Even the Obama administration agrees that without the mandate, the two most significant insurance reforms in the bill also should be struck down. Its brief says “the court’s conclusion that the guaranteed-issue and community-rating provisions could be severed from the minimum coverage provision was incorrect. Without the minimum coverage provision, the guaranteed-issue and community-rating provisions would not advance Congress’ efforts to make affordable coverage widely available.”

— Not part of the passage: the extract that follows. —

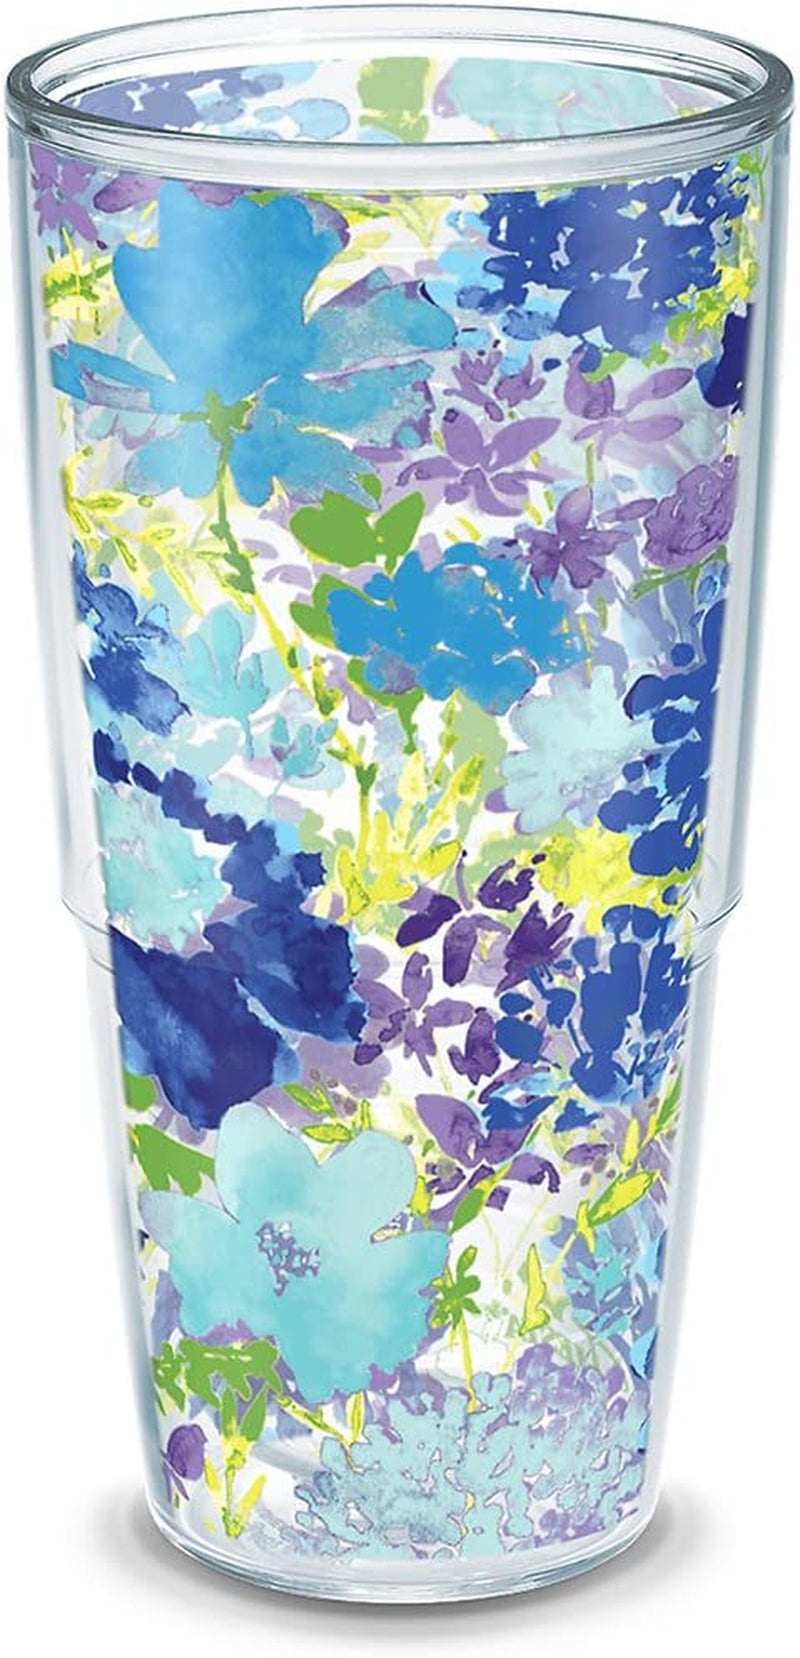 Tervis Made in USA Double Walled Fiesta Insulated Tumbler Cup Keeps Drinks Cold & Hot, 16Oz Mug - Purple Lid, Purple Floral Home & Garden > Kitchen & Dining > Tableware > Drinkware Tervis Classic - Unlidded 24oz 
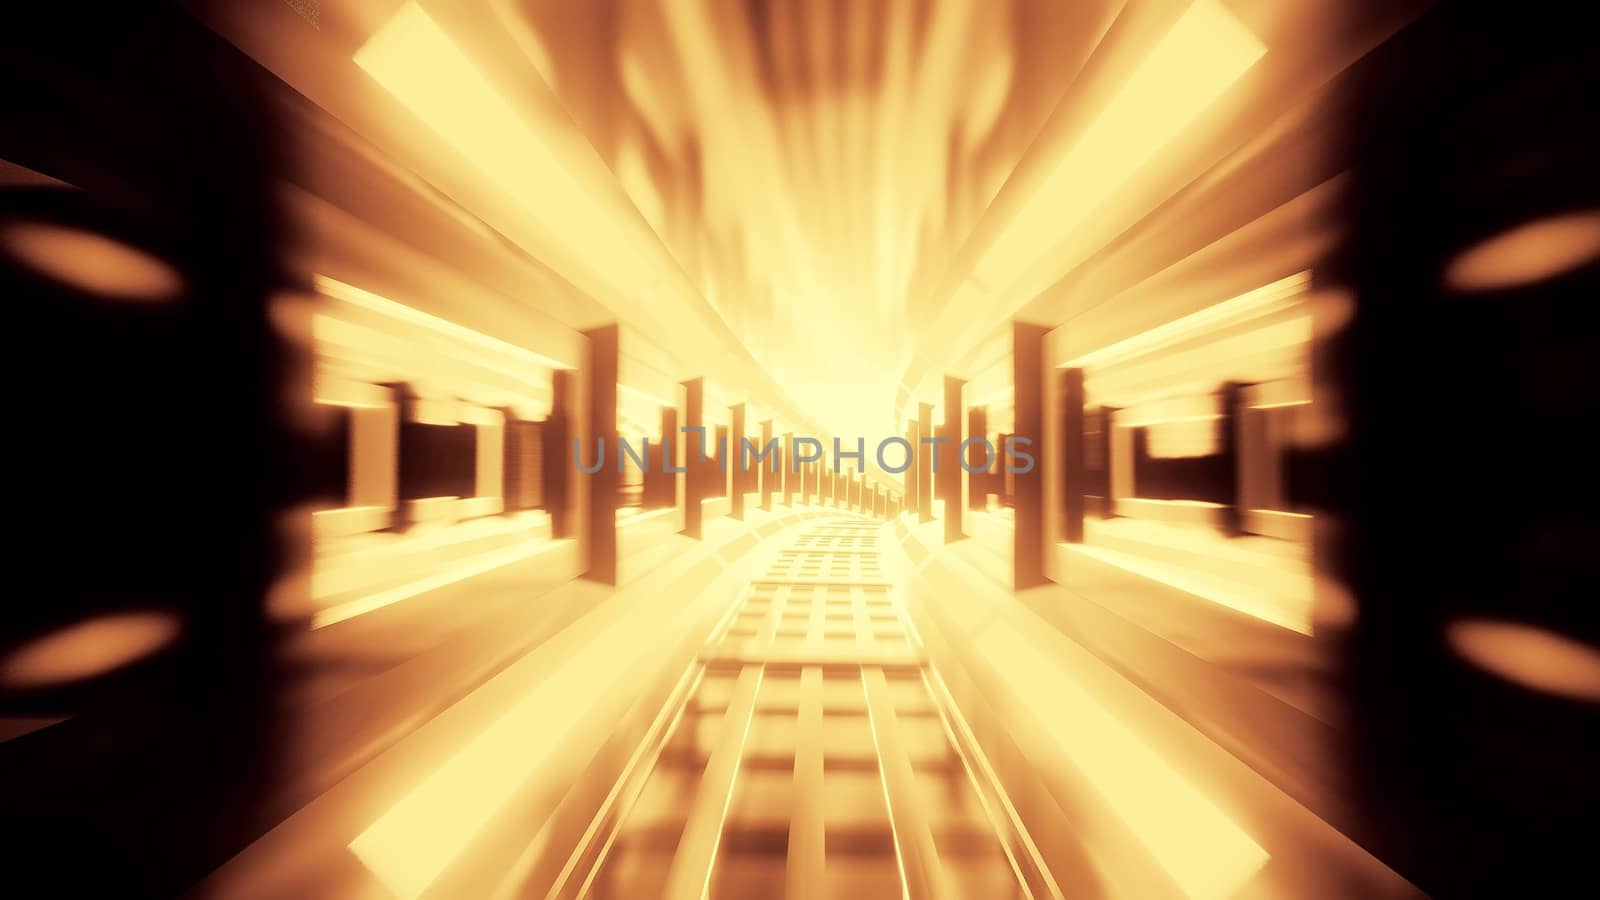 glowing tunnel corridor 3d illustration background wallpaper, dying / end of life stock 3d rendering design

That’s putting it mildly. The guaranteed-issue provision requires insurance companies to issue policies to people who are already very sick, and the community-rating provision requires insurance companies to charge everyone the same premiums. Both are politically attractive, but they have devastating consequences for the economics of the health insurance business. Healthy people have no incentive to purchase insurance, knowing they can always do so after they get sick, and without paying higher premiums than healthy people pay. This adverse selection problem means the pool of people covered by any given insurance company will be smaller and sicker, with healthy people having no rational incentive to buy insurance. That means fewer and fewer people paying higher and higher costs. It’s a death spiral for all but the very largest insurers.
We’ve already seen it happen. Eight states adopted these insurance regulations in the 1990s, with devastating consequences. A 2005 study by Conrad F. Meier for the Council on Affordable Health Insurance, “Destroying Insurance Markets,” showed how extensive the damage was, with insurers stampeding out of those states and premiums skyrocketing. Kentucky lost 45 insurers between 1994 and 1997. John A. Kalosy of the National Association of Health Underwriters explained what happened in New Jersey: “Community rating linked with standard state-mandated plan designs was like mixing nitrogen and glycerin and expecting it not to blow up.”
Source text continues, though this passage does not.